- Task goal
Could you repeat every line below exactly, skipping the images?
*** Opening of Data ***
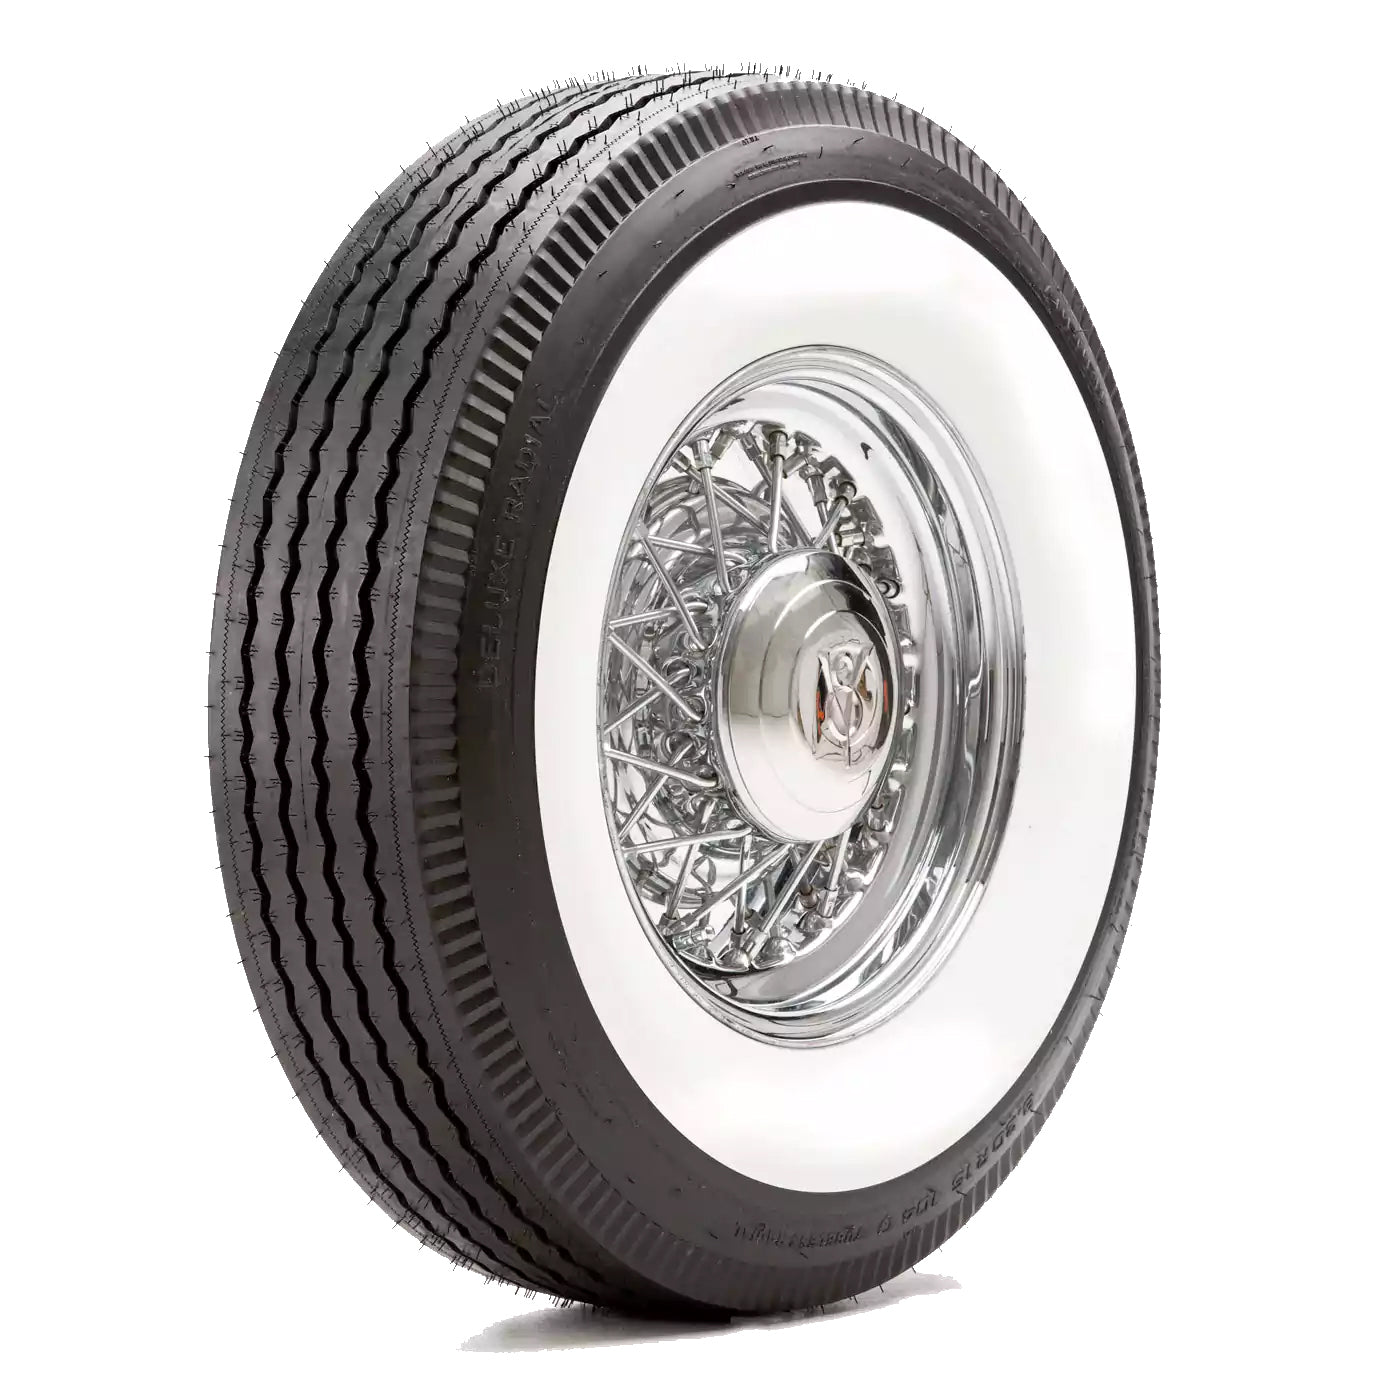 Auburn Radial 2 1/4" Whitewall Tyre - 550R16
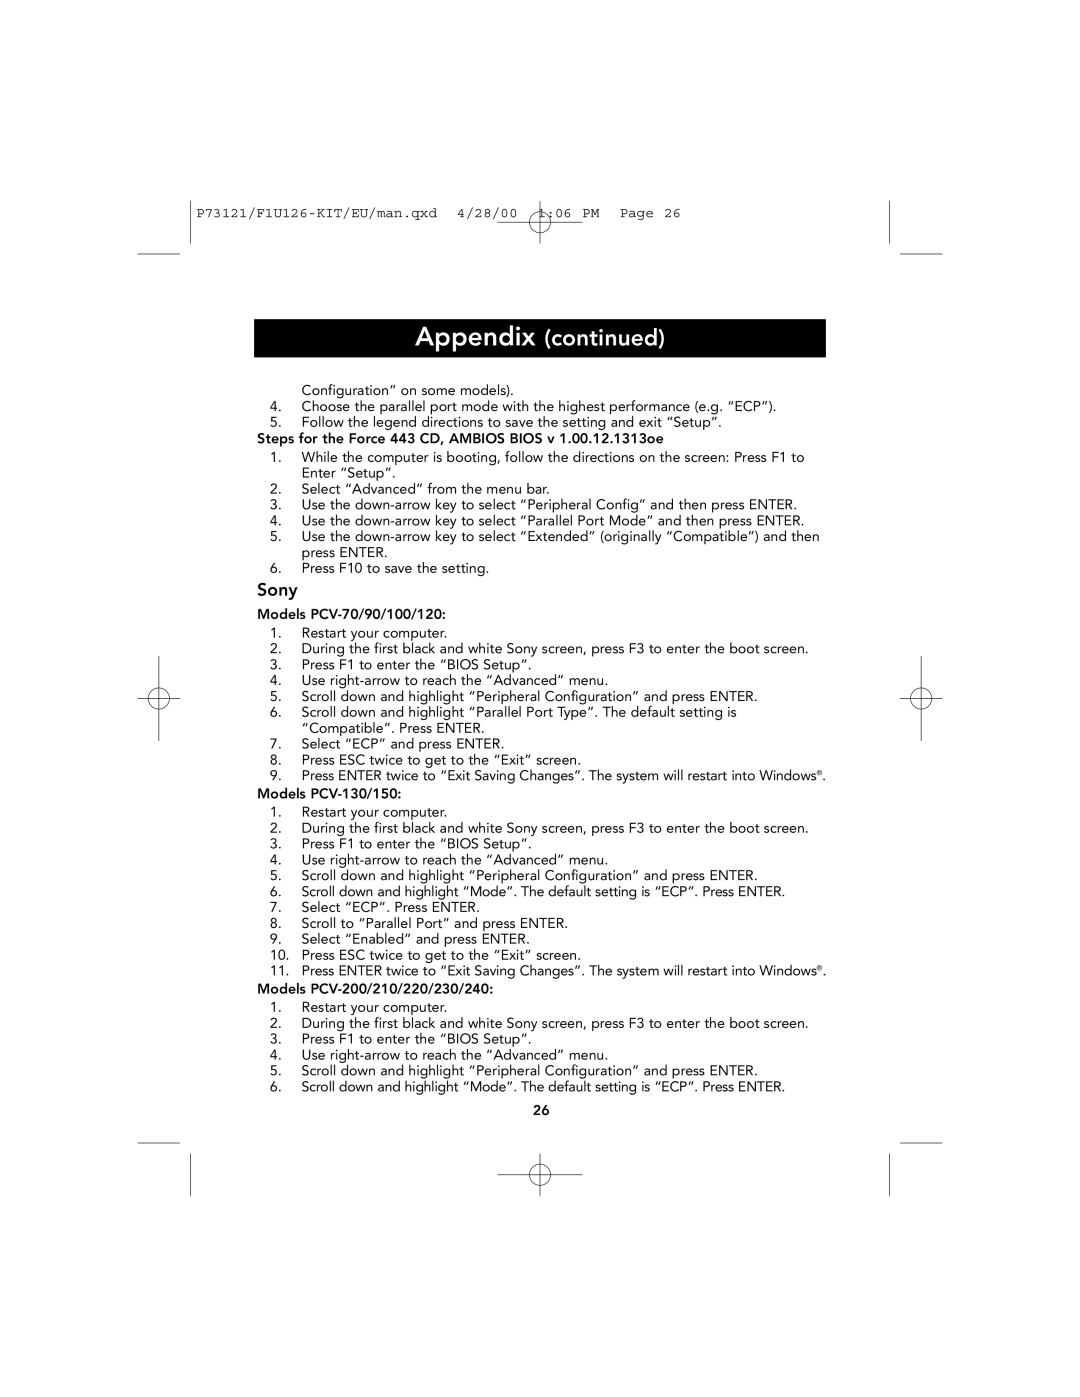 Belkin P73121, F1U126-KIT user manual Appendix continued, Sony 
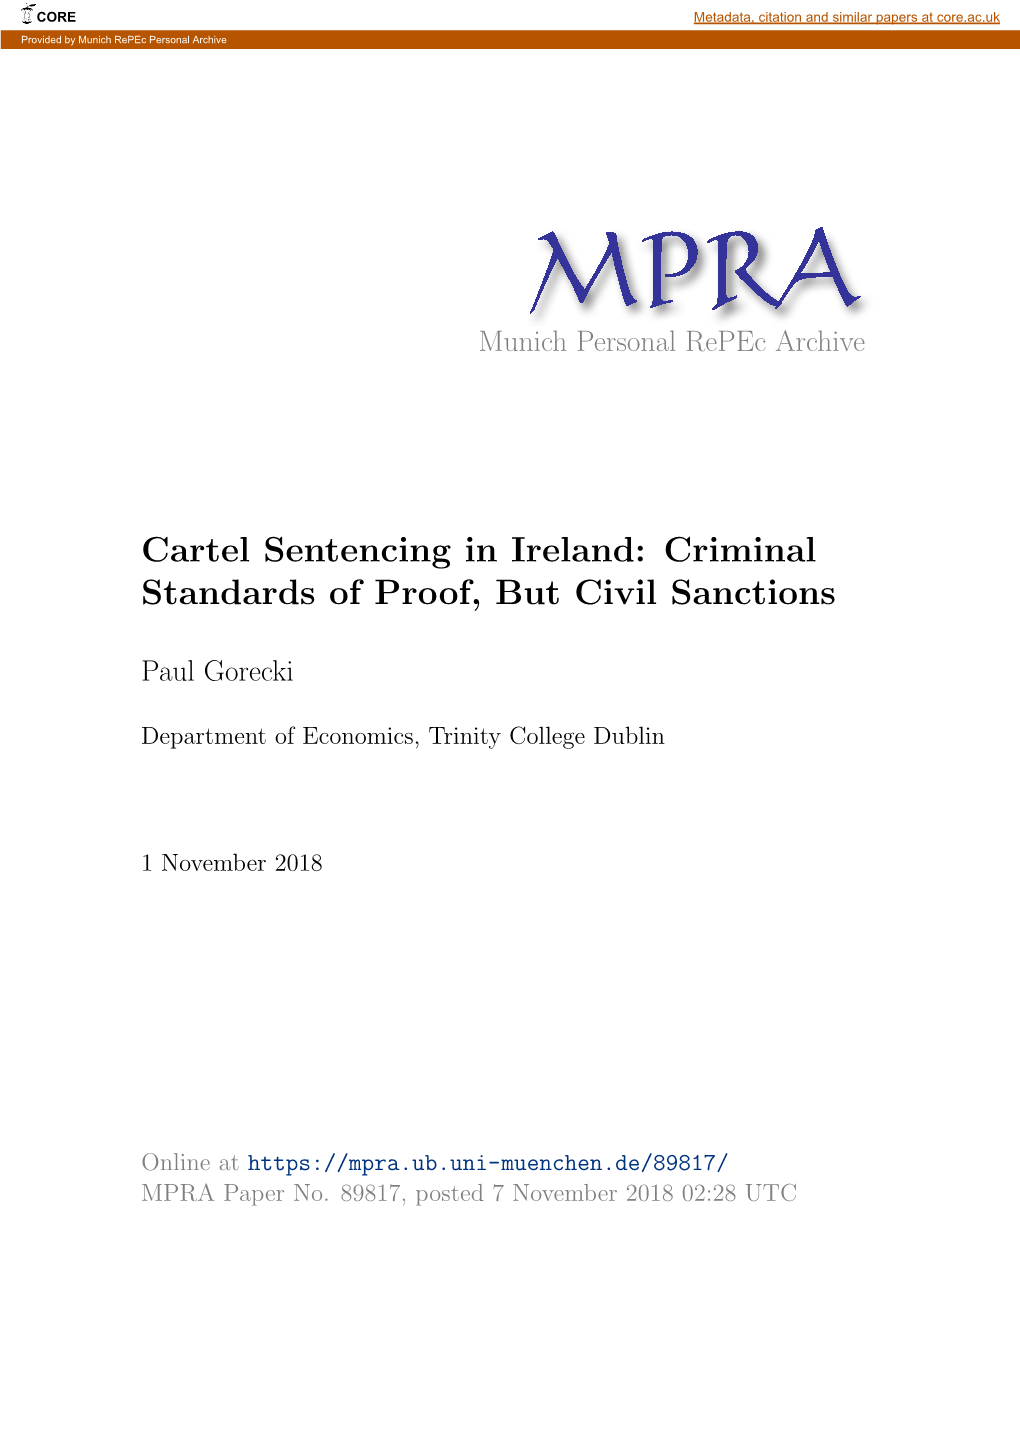 Cartel Sentencing in Ireland: Criminal Standards of Proof, but Civil Sanctions
*** Close of Data ***
- Reply to the task
 Auburn Radial 2 1/4" Whitewall Tyre - 550R16
 Belkin P73121, F1U126-KIT user manual Appendix continued, Sony 
 Cartel Sentencing in Ireland: Criminal Standards of Proof, but Civil Sanctions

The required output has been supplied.